Ahora el tiempo es digital, no se siente, se pierde en el aire, se nos desliza en clics por los dedos, nos pasa como viento por la frente hasta arrugarla. Corre igual que antes, pero se siente más rápido. Frenético. Es que hoy los días son más ligeros, dicen algunos, y no, no es así, es solamente que lo malgastamos.
He caído en la cuenta de que gasto demasiado tiempo. Yo siempre fui de los gastadores. Perdí momentos valiosos porque estaba gastando tiempo en algo que parecía más importante. He perdido oportunidades, he dejado de golpear puertas, he perdido amigos, y sobre todo, he perdido edades.

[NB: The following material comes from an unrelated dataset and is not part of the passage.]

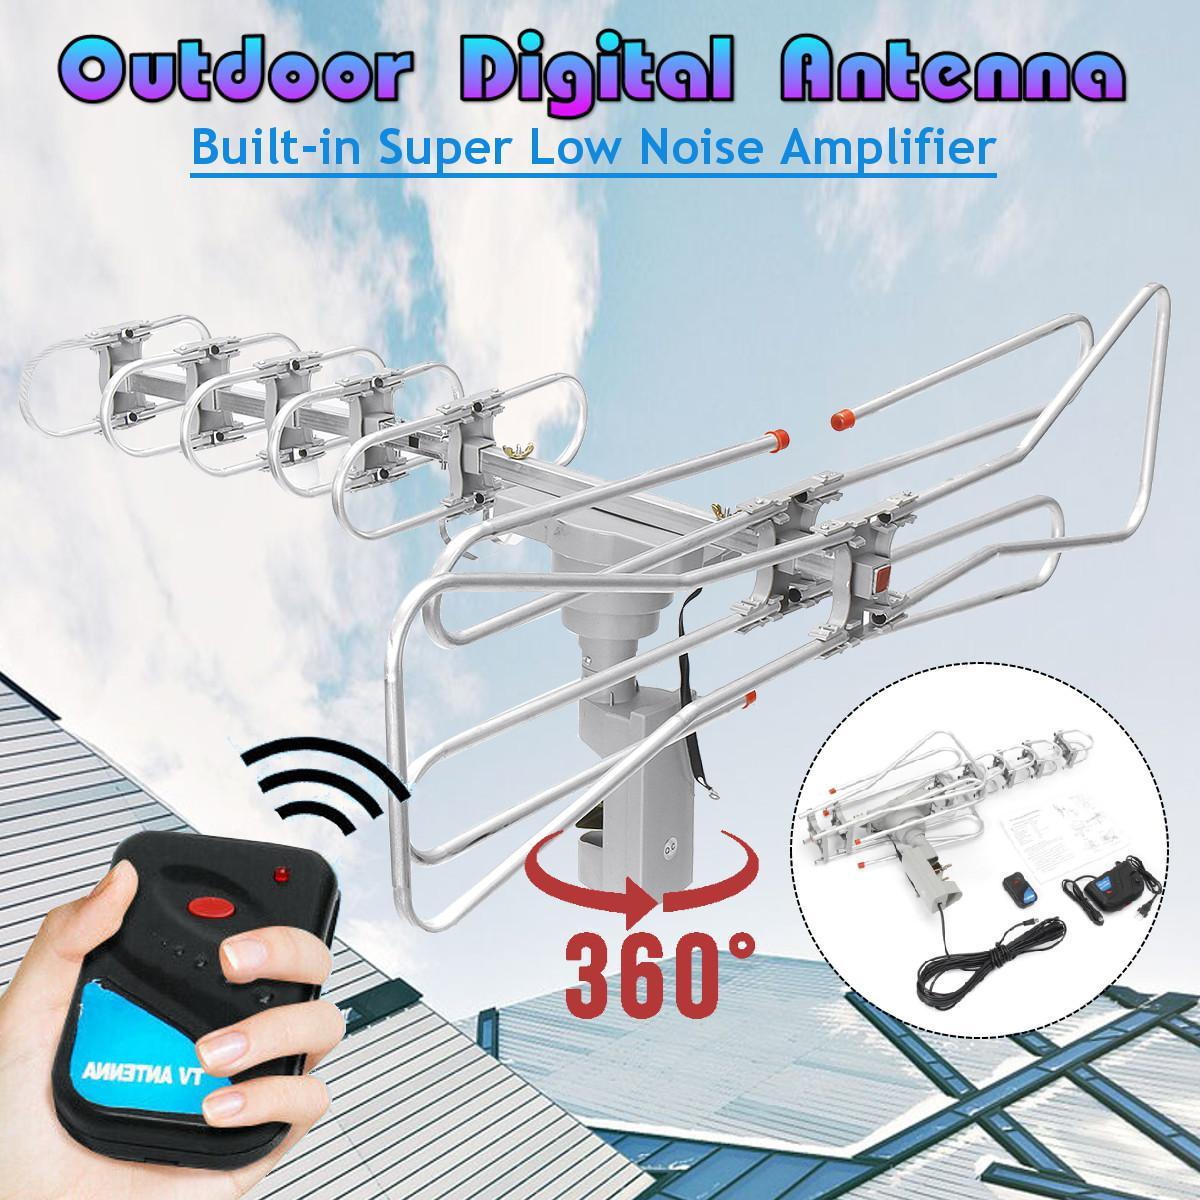 360 Degree HD Digital Outdoor TV Antenna For Full VHF/UHF/DTV/HDTV/FM High Gain Strong Signal Outdoor TV Antenna

Tenía veinte años cuando mi primera hija nació. Y sí, creció demasiado rápido. Corrijo, no es que creció rápido, creció al mismo tiempo que todos, pero su tiempo se me fue de las manos. Cuando era pequeña anhelaba que crezca pronto para que pueda valerse por sí misma. Con mi hijo varón pasó igual. ¡Cuándo fue que dejó de ser un niño pequeño para volverse un adulto!
Ahora cómo quisiera que vuelvan a ser pequeños. Volver a los años de escuela, esperarlos a la salida para ir por un helado. Jugar juntos, reír a carcajadas, correr dando vueltas en círculos, perseguirnos, y volver a reír y reír de nuevo.

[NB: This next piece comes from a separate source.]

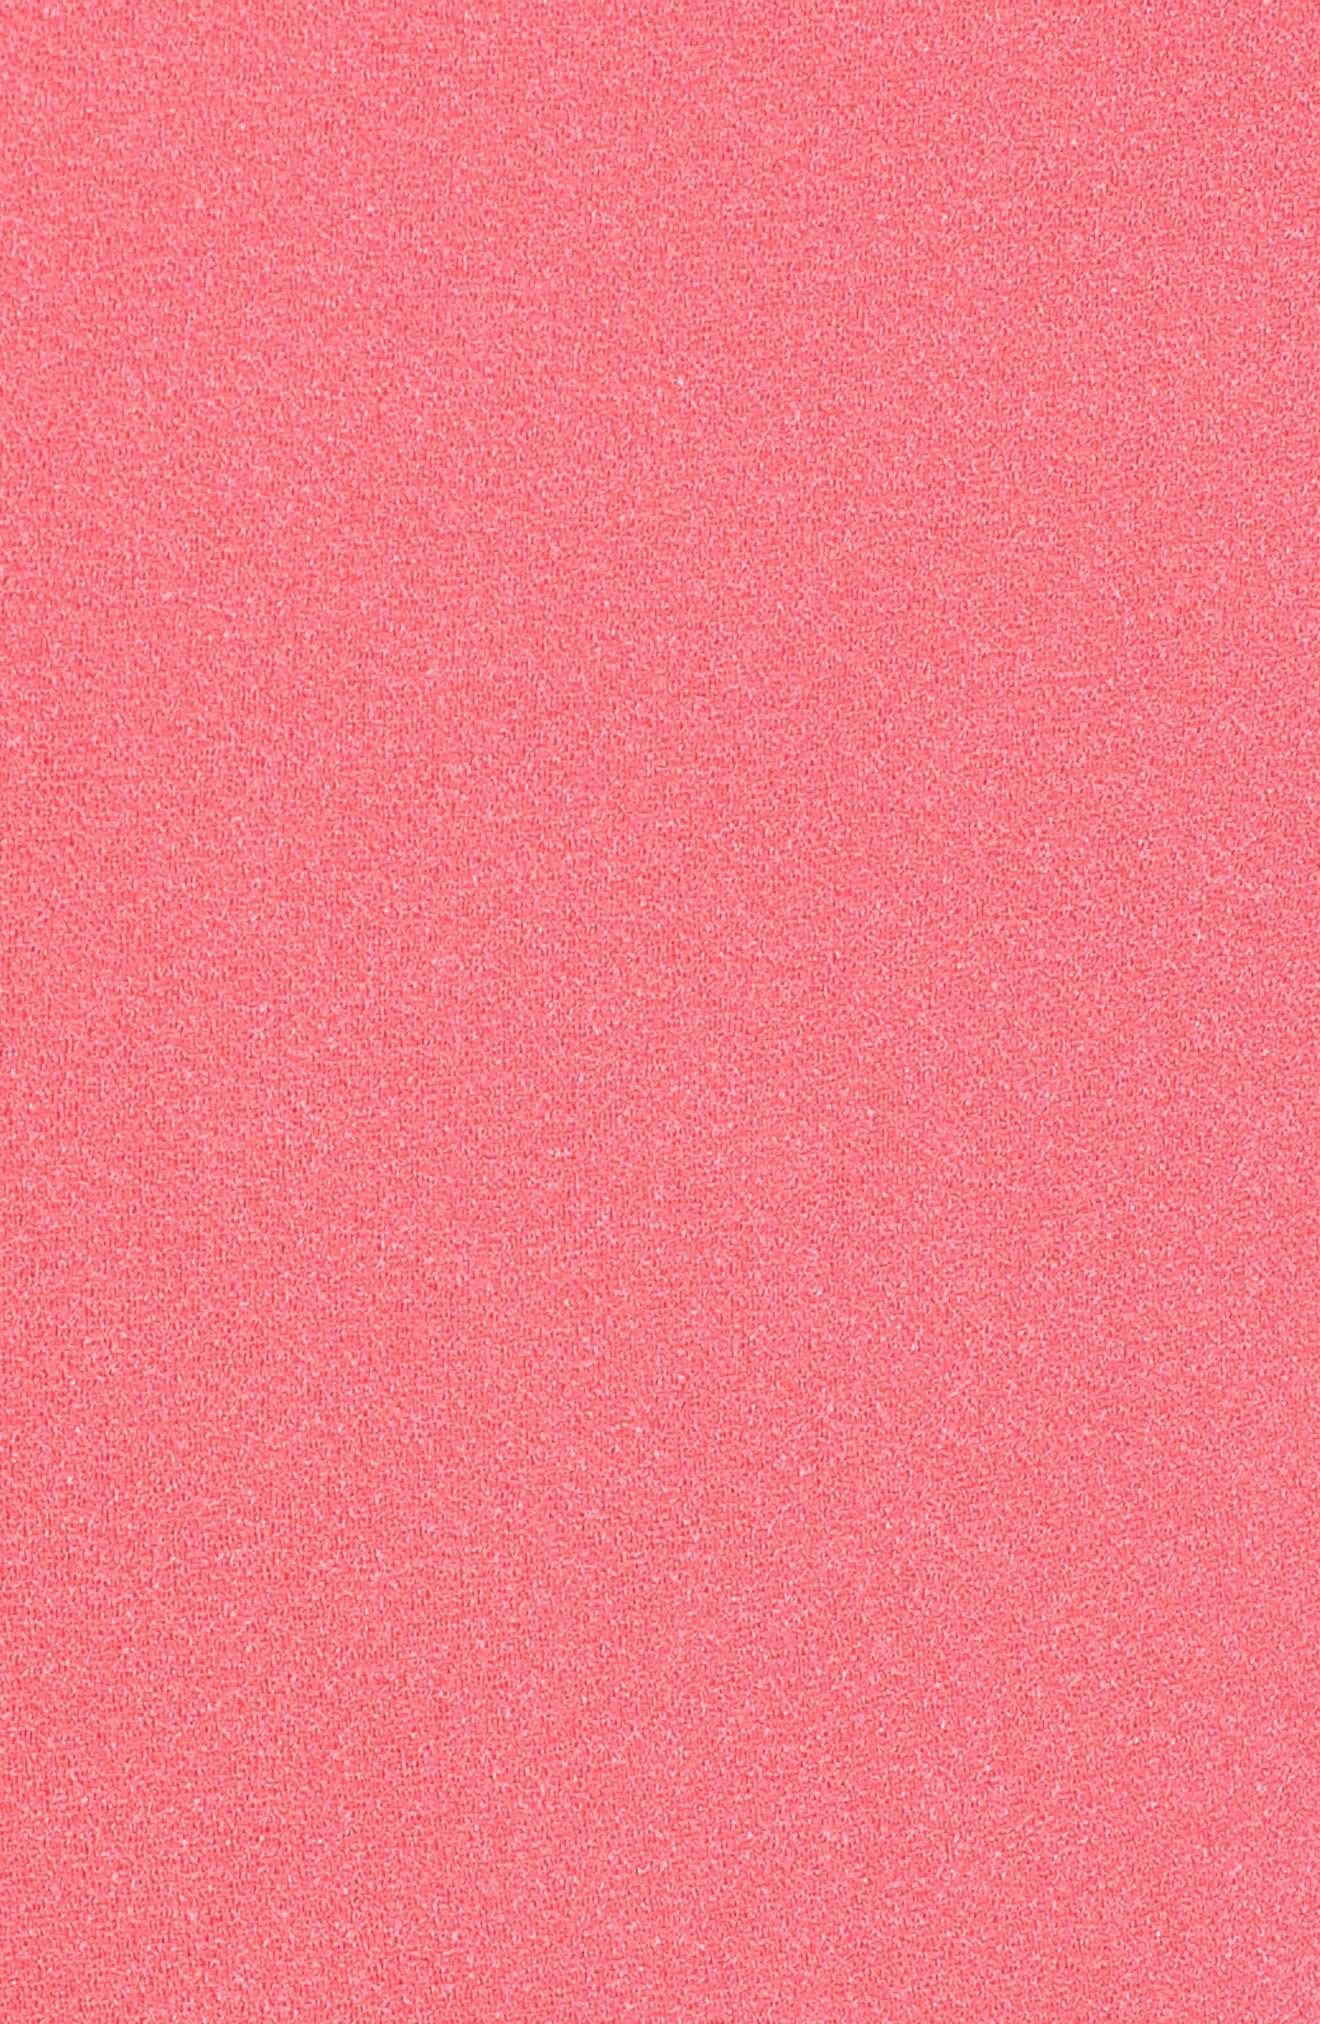 Daphima Compact Crepe Sheath Dress,                             Alternate thumbnail 6, color,                             692

Hace algunos años aprendí que el tiempo se invierte y no se gasta. Se invierte en las personas, en los seres amados, en las cosas que te llenan y traen satisfacción. El tiempo se cuenta en sonrisas, en lágrimas que valen la pena, en logros, en abrazos y en palabras inolvidables.
No le podemos dar la espalda al tiempo, hay que enfrentarlo viviendo, y así guardar en la memoria algunos pedazos de satisfacción inédita. Y, poco a poco, mientras va pasando la vida, sentir que segamos el fruto de nuestras sonrisas, la cosecha de nuestros abrazos.